Scottish innovators can claim credit for inventing everything from penicillin to the rainmac. These discoveries have changed the world and, as we look to the future, I want Scotland to lead the race for the next game-changing discovery.
Today marks the official opening of the Higgs Centre for Innovation in the heart of Edinburgh. It will be part of the hugely successful UK Astronomy Technology Centre that has created many of the world’s major telescopes, and whose world-leading scientists have been instrumental in answering questions around the origins of planets and galaxies.
The new centre will offer start-up businesses direct access to experts in space technology and big data. Up to 12 companies will be based in the Centre which will be home to state of the art facilities such as laboratories, working spaces and a Business Incubation Centre.
Space technology supports a massive £250 billion of wider business activity across the UK – from telecommunications to meteorology. The space sector in Scotland is rapidly growing, and Glasgow is now building more satellites than any other European city. Scotland is also in the race to host the first UK spaceport that will give us the potential to launch satellites into space. The new space port could launch satellites which will have the ability to monitor anything from climate change to the spread of tropical diseases. And it will create high-skilled jobs in the city. There is so much potential in big data and space technology, and the government is committed to furthering our expertise in these sectors.
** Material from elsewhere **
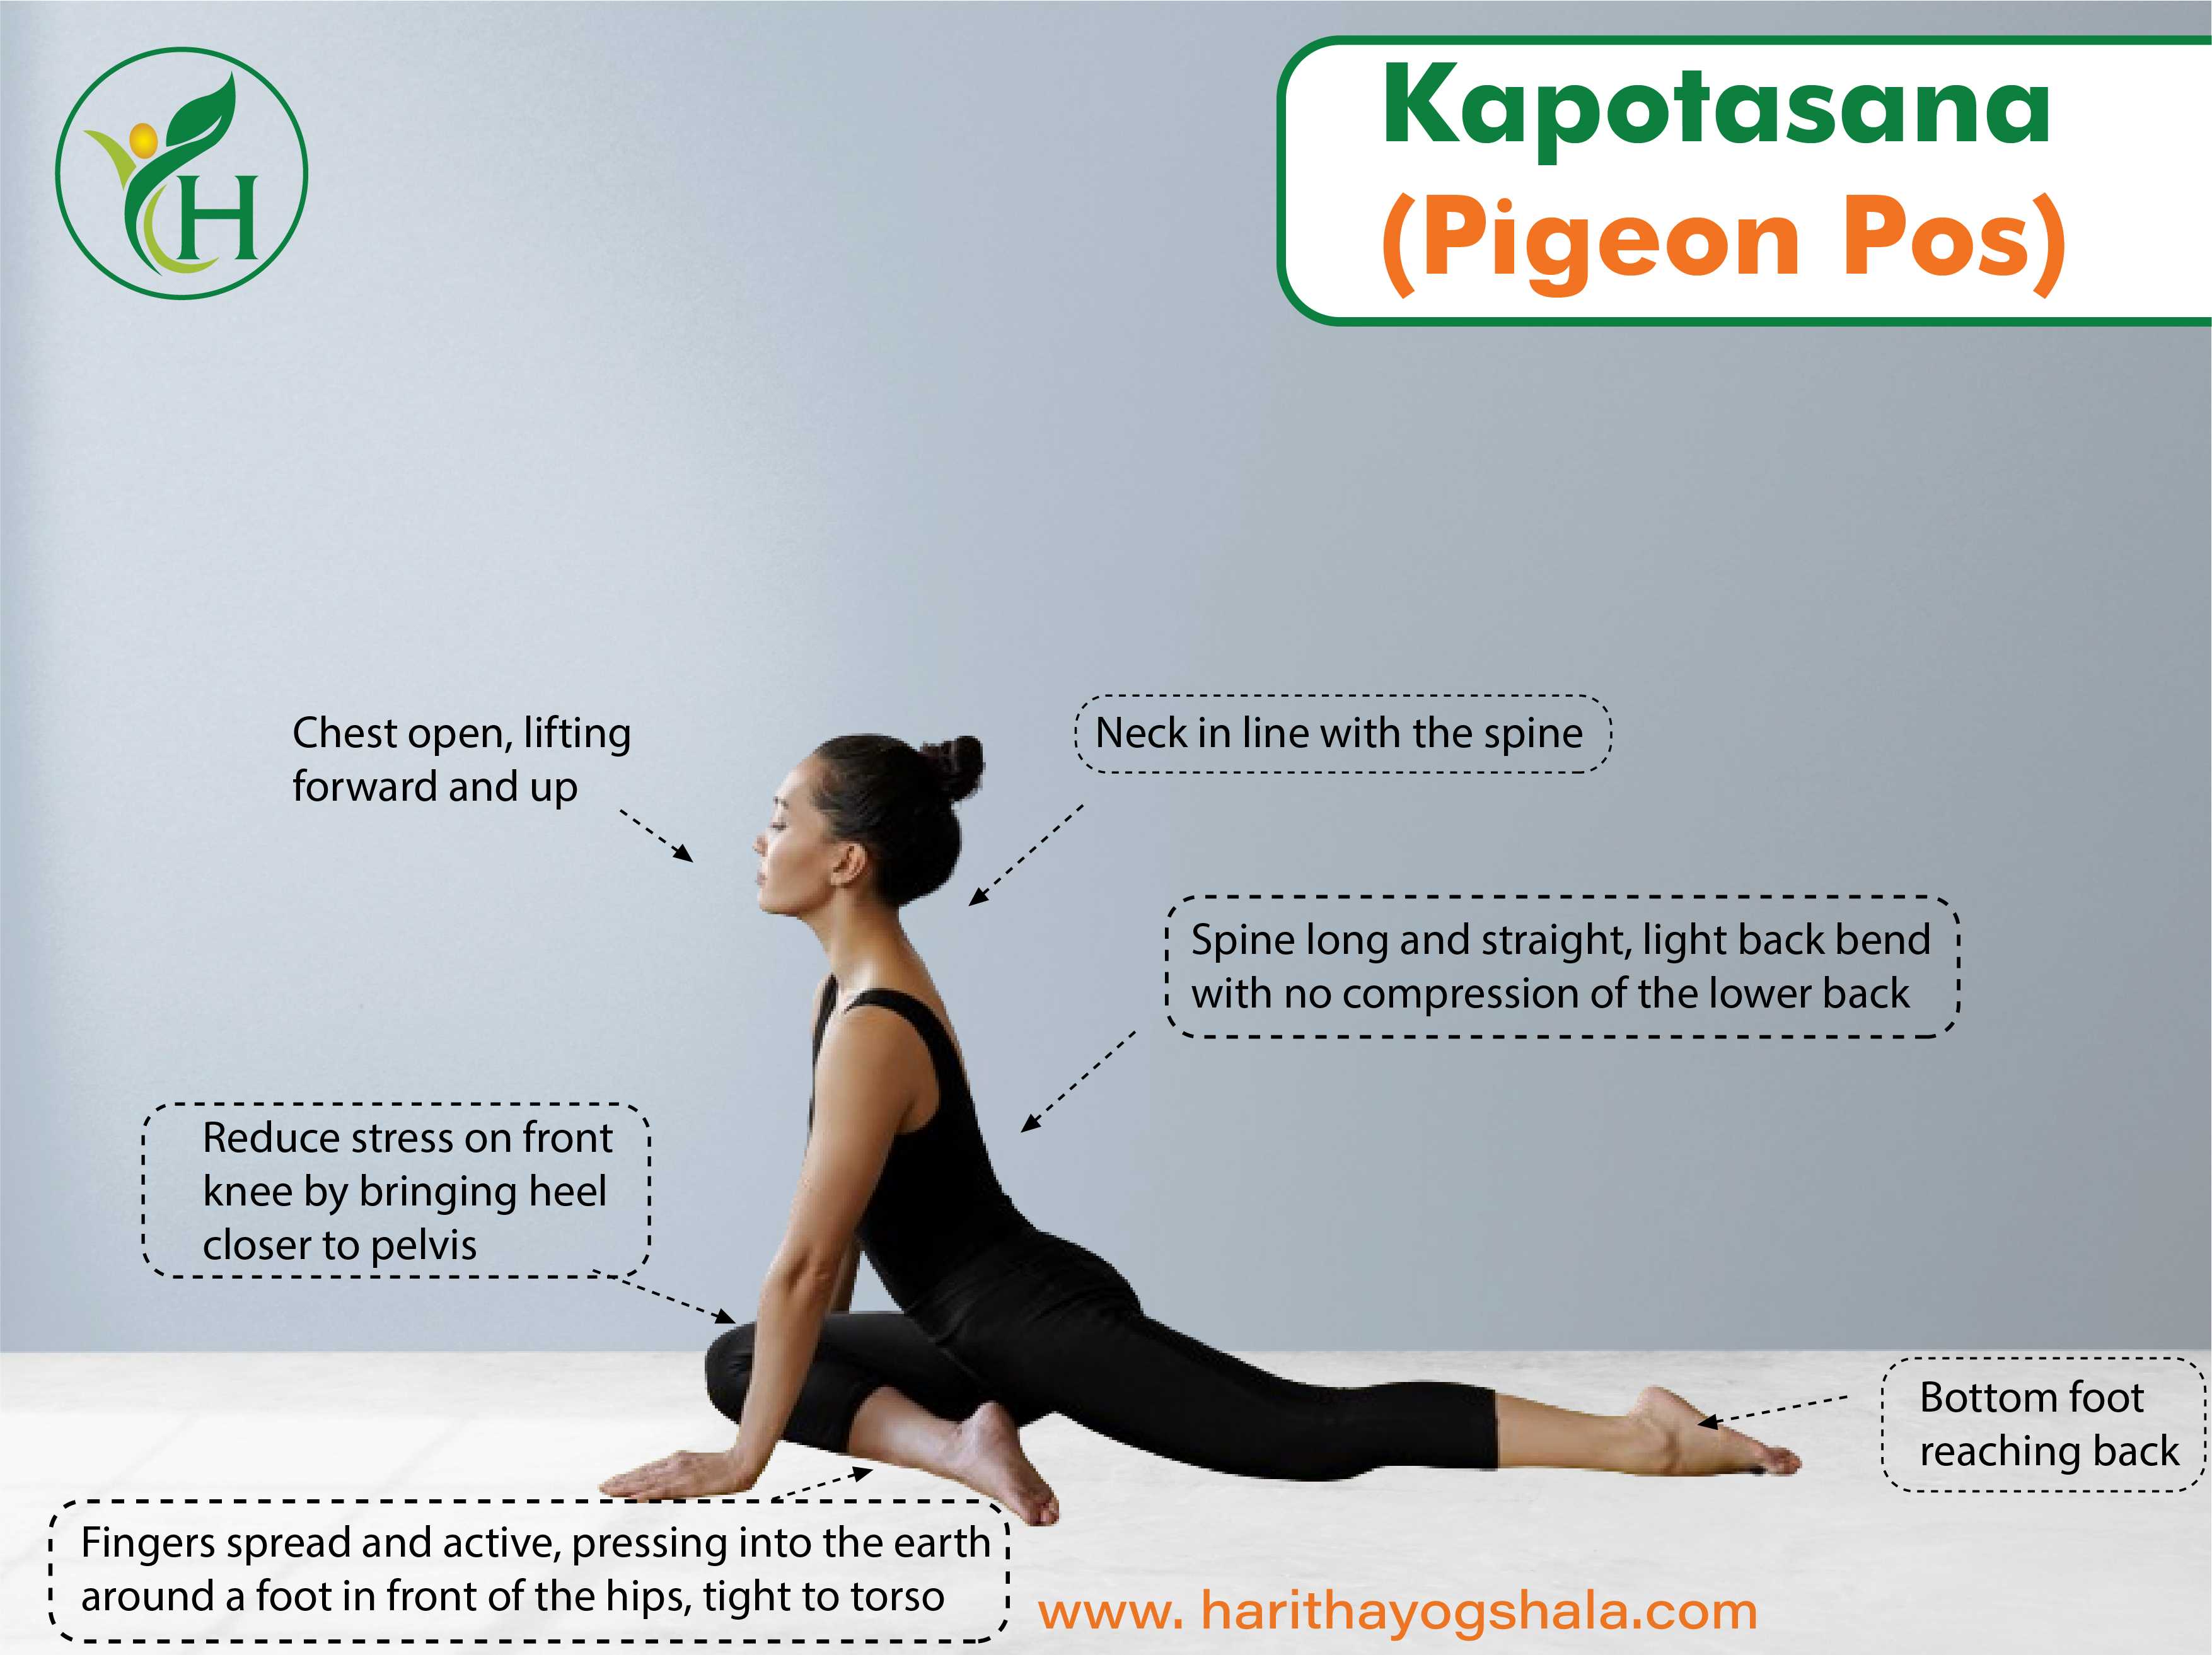 A person practicing Kapotasana Yoga, also known as Pigeon Pose, demonstrating flexibility and strength in their yoga practice
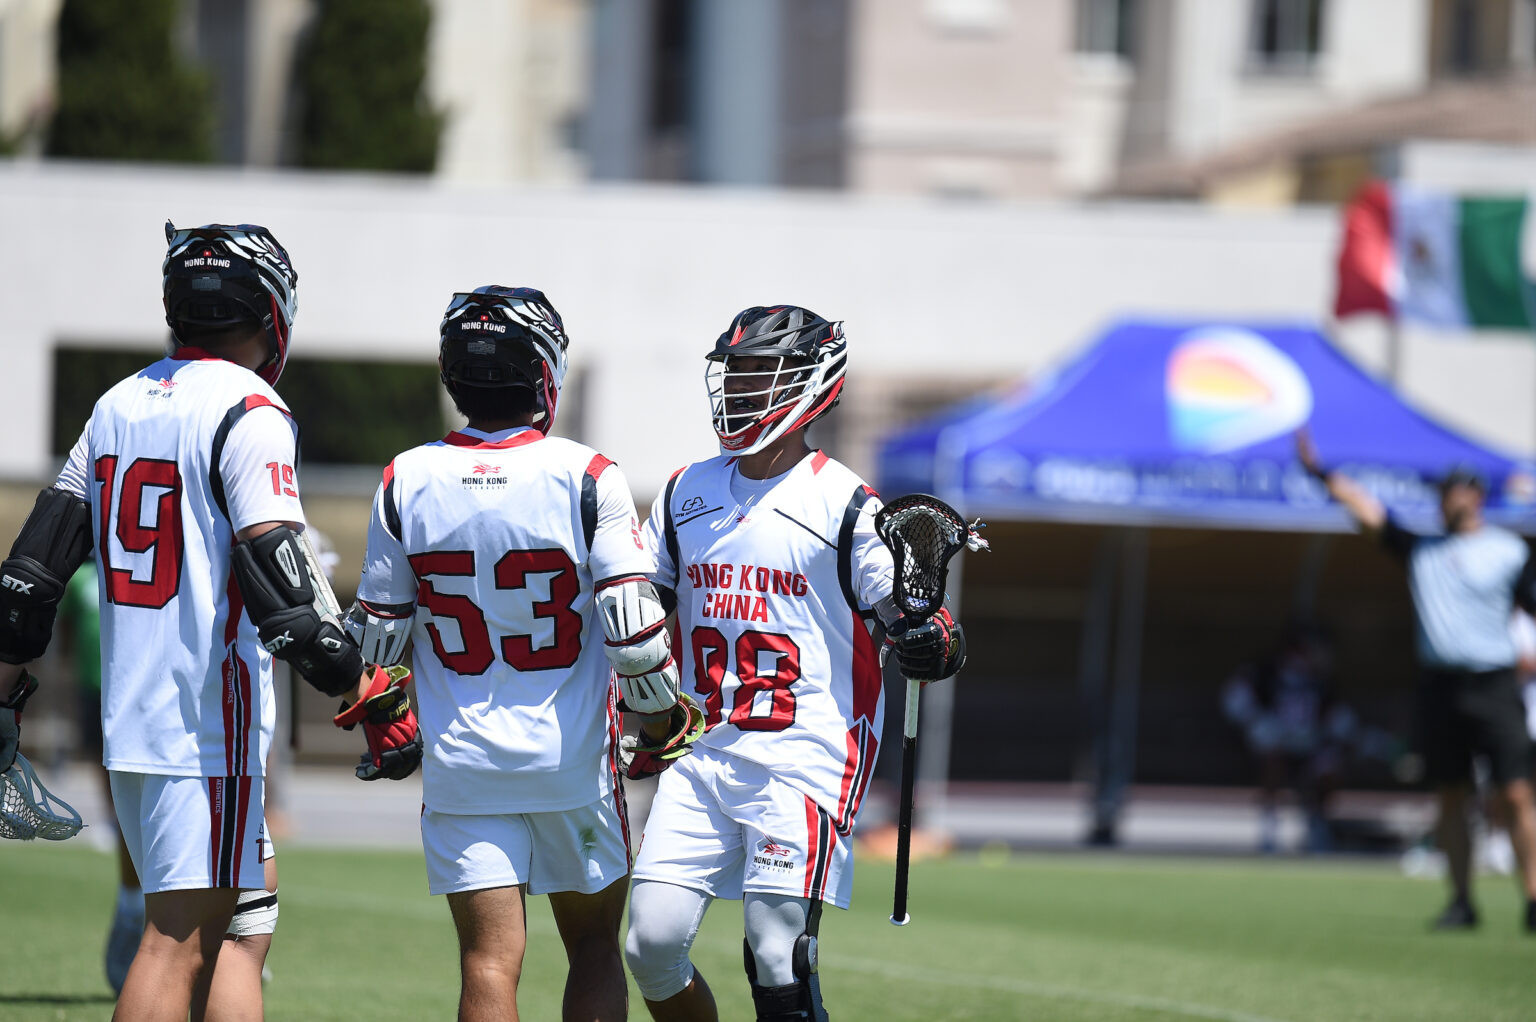 Hong Kong reach Men's World Lacrosse playoffs after six goal swing to beat against Mexico

In April we published the Artificial Intelligence Sector Deal, a joint plan by government and businesses to invest almost £1 billion together, making clear our ambitions to create an economy that seizes the opportunities of AI and big data.
As part of our modern Industrial Strategy, we’re committed to increase the amount of R&D done in the UK from 1.7 per cent of GDP today to 2.4 per cent in 2027. We want to become the most innovative economy in the world and be the best place to start and grow a business, and new facilities like the Higgs Centre will help us achieve this.
The recent establishment of UK Research and Innovation (UKRI) will help deliver excellent research in all four nations and help make sure this research brings real world benefits. It will also be responsible for our Industrial Strategy Challenge Fund, a £1.7 billion investment over four years in technologies that will transform existing industries whilst creating new ones.
UKRI is already tapping into the expertise based in Scotland. Only last month we announced a ground-breaking research programme with the US to investigate the Thwaites Glacier in Antarctica, and what impact its ice loss will have on global sea levels with the UK lead for one of the projects based at Scotland’s own St Andrews University.
Supporting innovation excellence across Scotland and the rest of the UK is central to our Industrial Strategy. The soon-to-launch Strength in Places Fund will see investment which can help local areas grow their economy across Scotland, and I look forward to seeing how much of a fundamental role science and innovation will play in Scotland, building a Britain truly fit for the future.